Questiona-se, portanto, como minimizar os impactos desses eventos climáticos extremos?
É importante conhecer quais são as variáveis climáticas que afetam a produtividade do café Conilon. Para isso, correlacionou-se a produtividade média dos munícipios do Norte do Espírito Santo nos últimos dez anos, com a chuva acumulada e a temperatura média mensal do mesmo período. Os resultados indicam que o estresse hídrico e as altas temperaturas durante a formação dos grãos (Nov-Dez) podem afetar drasticamente a produtividade do cafeeiro (Figura 3a, 3b e 3c). Além disso, as altas temperaturas durante o florescimento (Set-Out) e enchimento de grãos (Jan-Mar) também prejudicam a produção da cultura (Figura 3a). C C
Nóia Júnior, Christo e Verdin Filho
Rogério de Souza Nóia Júnior, Universidade da Flórida Tafarel Victor Colodetti, Universidade Federal do Espírito Santo Bruno Fardim Christo, Agroconsult Abraão Carlos Verdin Filho, Instituto Capixaba de Pesquisa, Assistência Técnica e Extensão Rural
Práticas para minimizar os efeitos climáticos adversos
Irrigação
Se não for possível irrigar durante todo o ciclo da cultura, é importante manter a irrigação pelo menos entre os meses de novembro e fevereiro (momento de maior demanda hídrica do Conilon). Além disso, é importante o uso de sistemas de irrigação eficientes (e.g. irrigação localizada) e a realização do manejo da irrigação, para fornecer água em quantidade e momento adequados.

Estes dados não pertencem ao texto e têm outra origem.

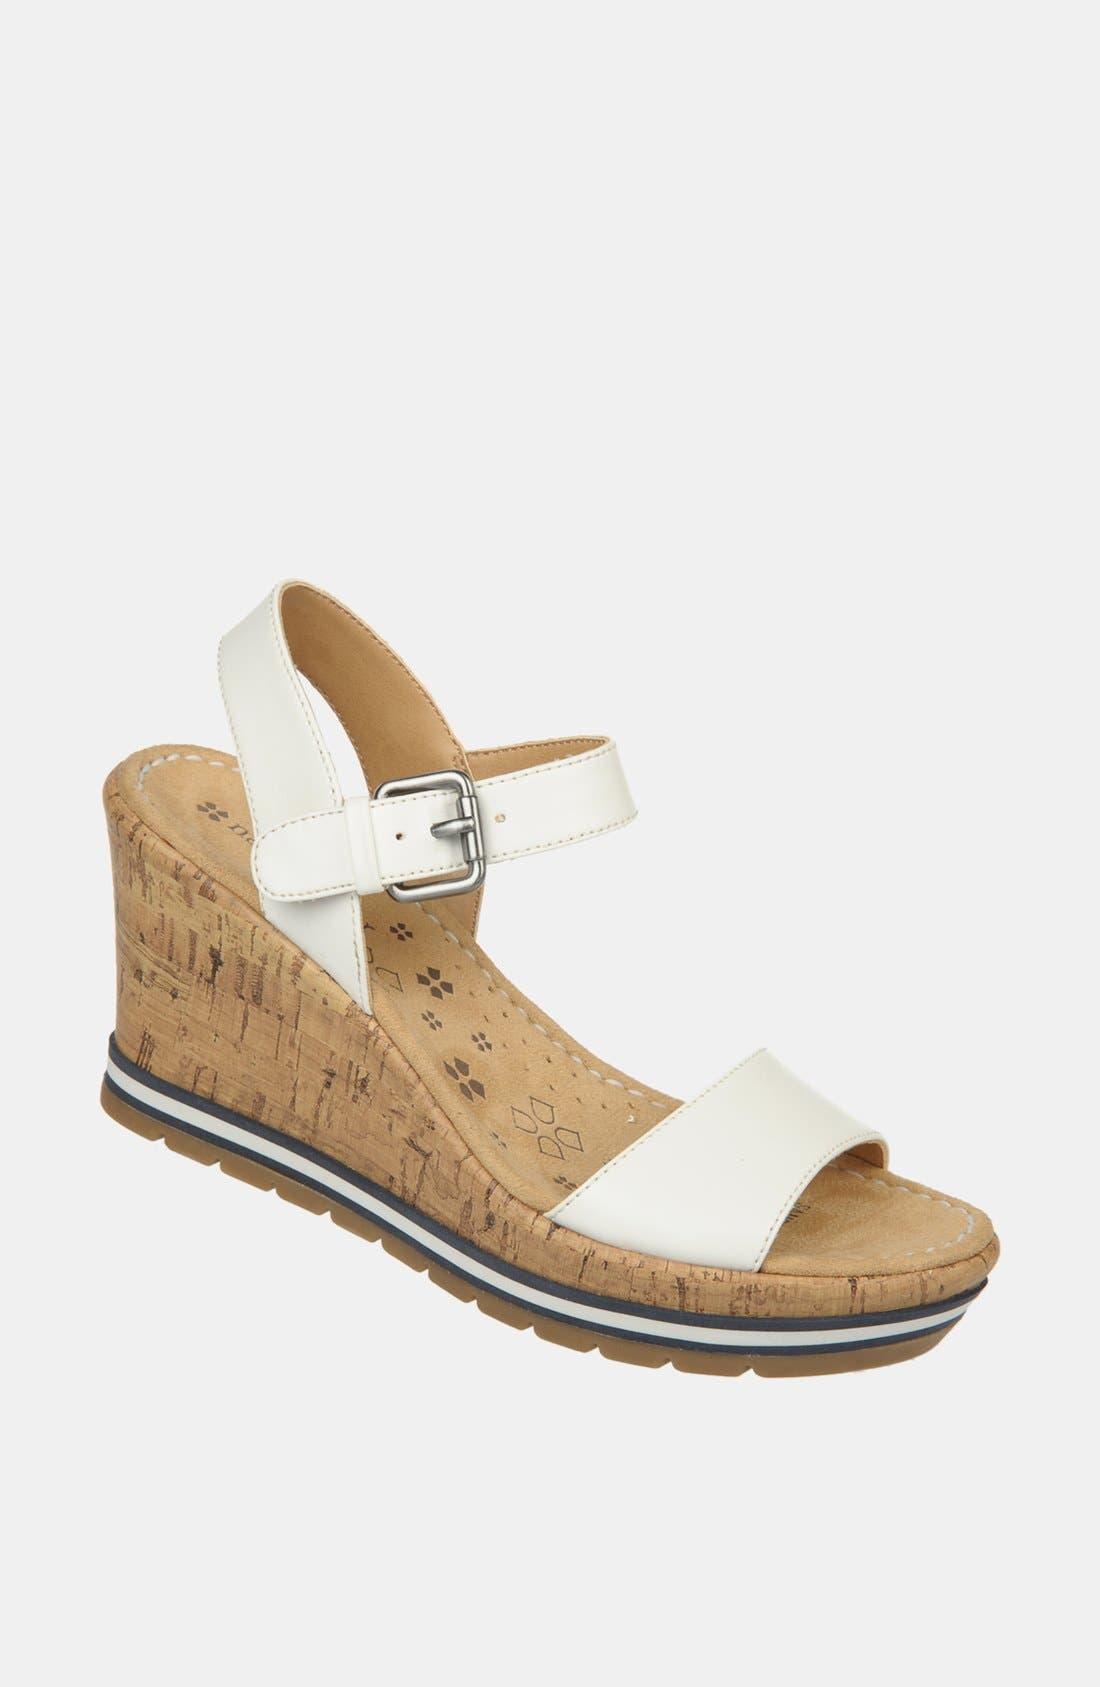 Alternate Image 1 Selected - Naturalizer 'Norton' Sandal

Favorecer o desenvolvimento das raízes
Um sistema radicular mais profundo e bem desenvolvido possibilita acessar maiores volumes de água no solo. Esse tipo de estratégia pode ser atingido através de mudas com sistema radicular pivotante (e.g. propagação seminífera) e/ou por meio de técnicas de manejo nutricional, como, por exemplo, através da aplicação de gesso agrícola para estimular o desenvolvimento das raízes em camadas mais profundas do solo.

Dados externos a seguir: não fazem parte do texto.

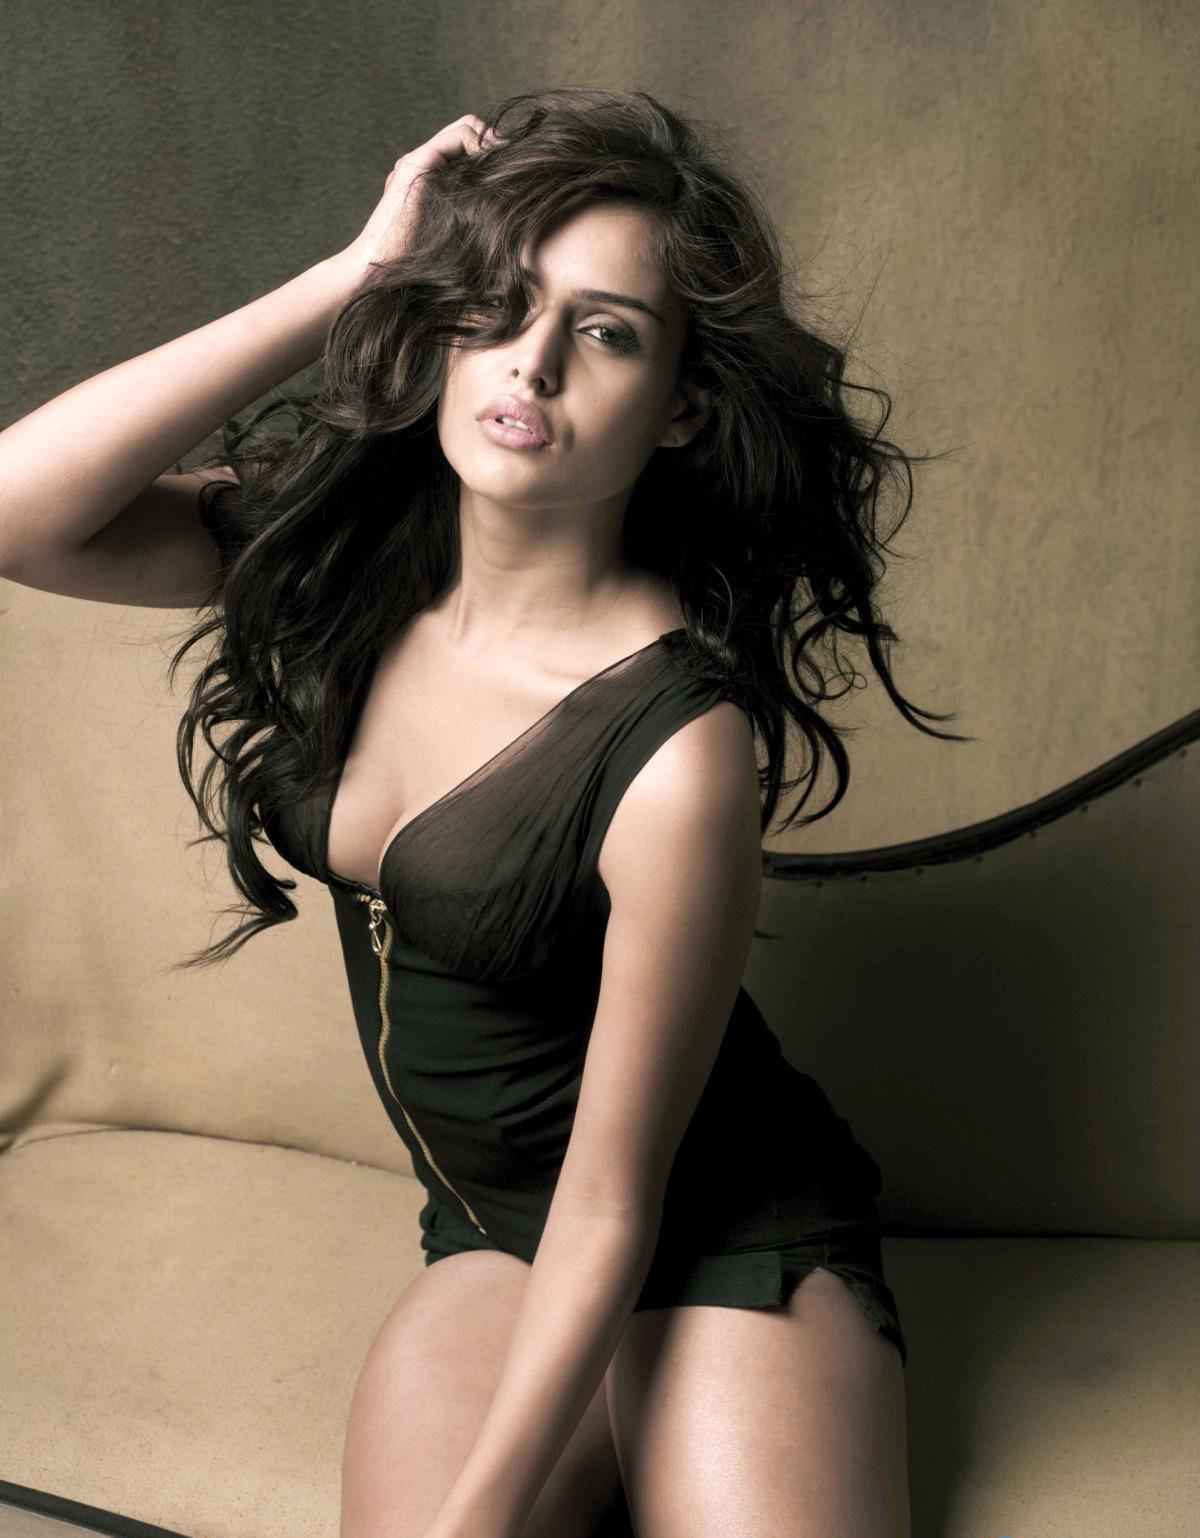 Sexy Is a cute Nathalia Kaur naked photo 2017

Escolha de cultivares mais resistentes às altas temperaturas e ao déficit hídrico
A escolha adequada do material genético a ser utilizado é uma das prerrogativas no planejamento da atividade cafeeira. No contexto da resistência à seca, o Instituto Capixaba de Pesquisa, Assistência Técnica e Extensão Rural (Incaper) lançou, recentemente, a cultivar clonal “Marilândia ES8143” e a cultivar de propagação seminífera “Conquista ES8152”. Estas cultivares apresentam características de tolerância ao déficit hídrico. A cultivar “Marilândia ES8143” pode atingir produtividade de 63 sc/ha em condições de restrição hídrica.
Adensamento
Cultivos adensados possibilitam menor incidência de radiação solar sobre o solo, diminuição da temperatura no inteiro do dossel e da perda de água por evaporação, proporciona maior aproveitamento da área e dos insumos aplicados, favorece a manutenção da umidade do solo devido à maior cobertura do mesmo, diminui a ocorrência de erosões, entre outros. No cafeeiro Conilon, o adensamento da lavoura pode se dar tanto no número de plantas por área, quanto pelo número de ramos ortotrópicos mantidos na planta.
Cultivos consorciados
Os efeitos dos eventos climáticos extremos podem ser minimizados através de cultivos consorciados. Por exemplo, o cultivo em consórcio do cafeeiro Conilon com o coqueiro-anão favorece a conservação da umidade do solo, a diminuição de danos causados pelos ventos, a menor incidência de plantas espontâneas, o maior aproveitamento da mão de obra e a possibilidade de maior retorno financeiro.